3 PROJECTION ON A LINE

3.1. Definition

Consider the line in $\mathbb{R}^n$ passing through $x_0 \in \mathbb{R}^n$ and with direction $u \in \mathbb{R}^n$ :

$\begin{align*} \{x_0 + tu: t \in \mathbb{R}\} \end{align*}$

Example 1: A line in $\mathbb{R}^2$ passing through the point $x_0 = (0,1)$ , with direction $u=(0.8944, 0.4472)$ .

The projection of a given point $x$ on the line is a vector $z$ located on the line, that is closest to $x$ (in Euclidean norm). This corresponds to a simple optimization problem:

$\begin{align*} \min\limits_{t} ||x-(x_0+tu)||_2 \end{align*}$

This particular problem is part of a general class of optimization problems known as least-squares. It is also a special case of a Euclidean projection on a general set.


	Example 2: Projection of the vector $x=(1.6, 2.28)$ on a line passing through the origin ( $x_0 = 0$ ) and with (normalized) direction $u = (0.8944, 0.4472)$ .
	At optimality the ‘‘residual’’ vector $x-z$ is orthogonal to the line, hence $z = tu$ , with $t = x^Tu = 2.0035$ . Any other point on the line is farther away from the point $x$ than its projection $z$ is.
	The scalar $t = u^T x$ , ie the scalar product between $x$ and $u$ , is the component of $x$ along the normalized direction $u$ .

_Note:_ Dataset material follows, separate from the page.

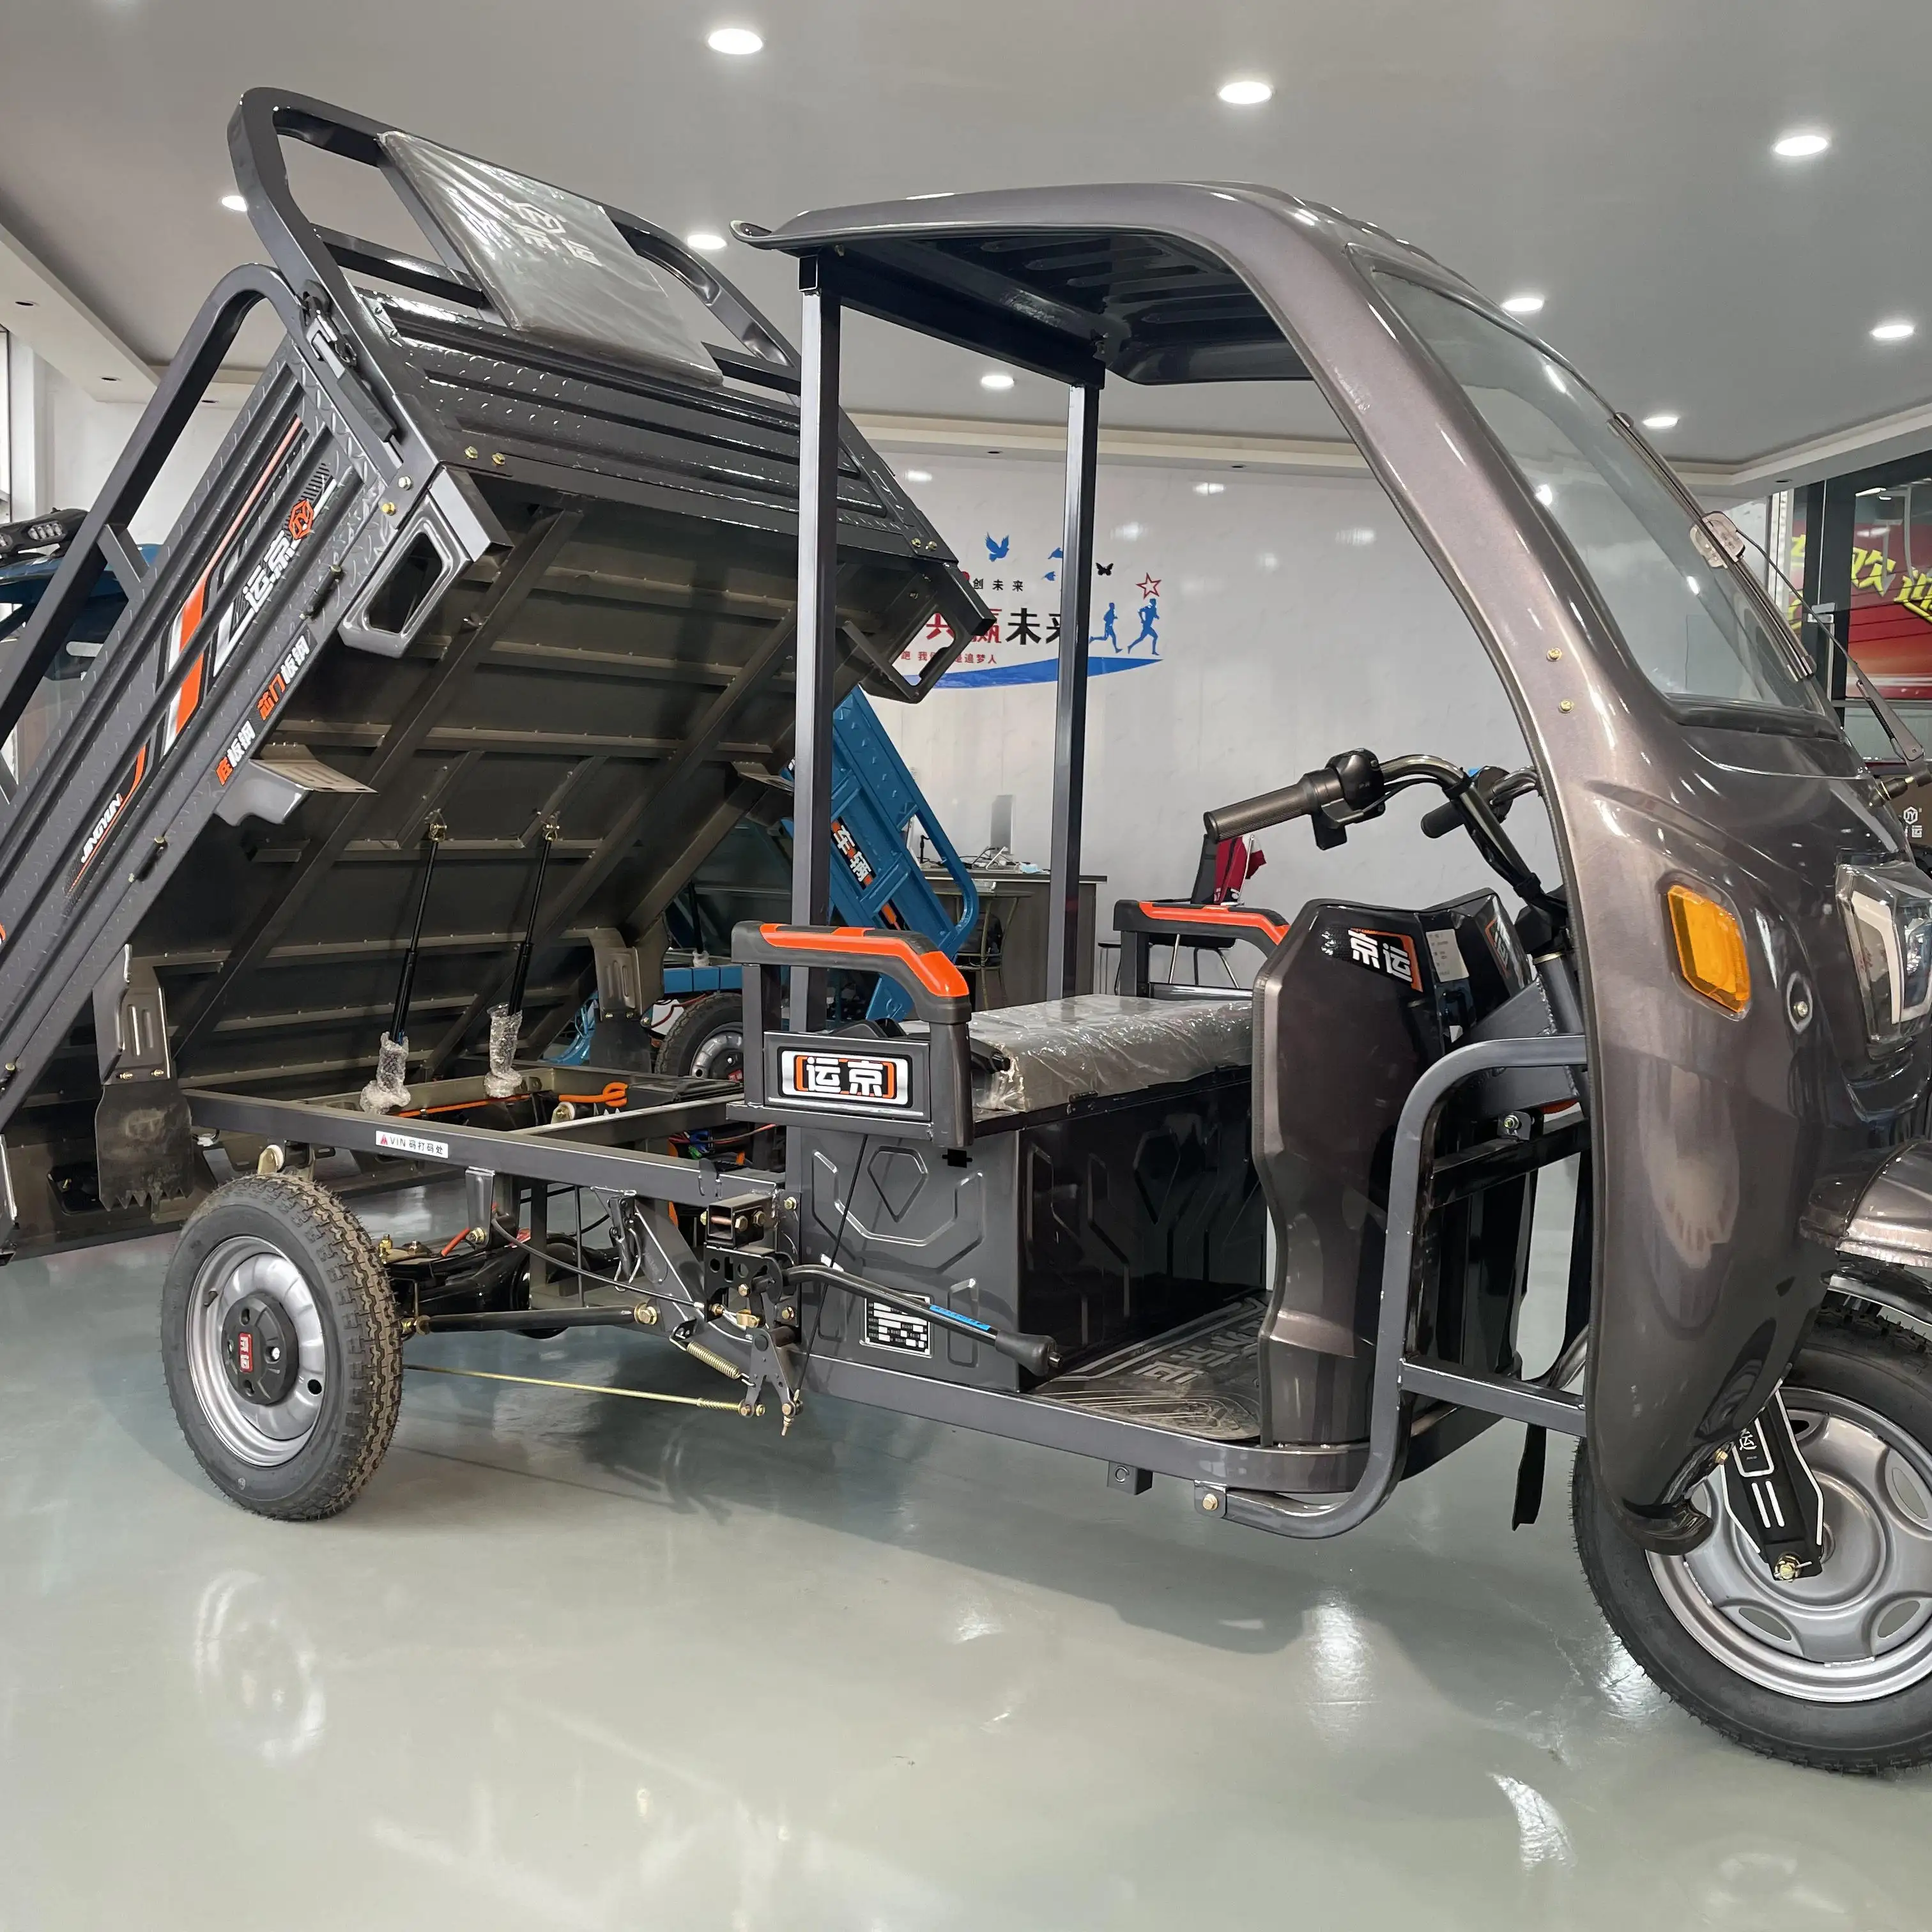 1300W China Elektrische Lading Driewielers 3 Wiel Dump Trike Fiets Big Dreirad Elektro Voor Volwassenen Elektrische Driewieler

3.2. Closed-form expression

Assuming that $u$ is normalized, so that $||u||_2=1$ , the objective function of the projection problem reads, after squaring:

$\begin{align*} ||x-x_0-tu||_2^2 = t^2 - 2tu^T(x-x_0) + ||x-x_0||_2^2 = (t-u^T(x-x_0))^2 + \text{{constant}} \end{align*}$

Thus, the optimal solution to the projection problem is

$\begin{align*} t^* = u^T(x-x_0) \end{align*}$

and the expression for the projected vector is

$\begin{align*} z^* = x_0 + t^*u = x_0 + u^T(x-x_0)u \end{align*}$

The scalar product $u^T(x-x_0)$ is the component of $x-x_0$ along $u$ .

In the case when $u$ is not normalized, the expression is obtained by replacing $u$ with its scaled version $u/||u||_2$ :

$\begin{align*} z^* = x_0 + t^*u = x_0 + \frac{u^T(x-x_0)}{u^T u}u \end{align*}$

3.3. Interpreting the scalar product

We can now interpret the scalar product between two non-zero vectors $x, u$ , by applying the previous derivation to the projection of $x$ on the line ${\bf L}$ of direction $u$ passing through the origin. If $u$ is normalized ( $||u||_2 = 1$ ), then the projection of $x$ on ${\bf L}$ is $z^* = (u^T x)u$ . Its length is $||z^*||_2 = |u^Tx|$ . (See above figure from Example 2.)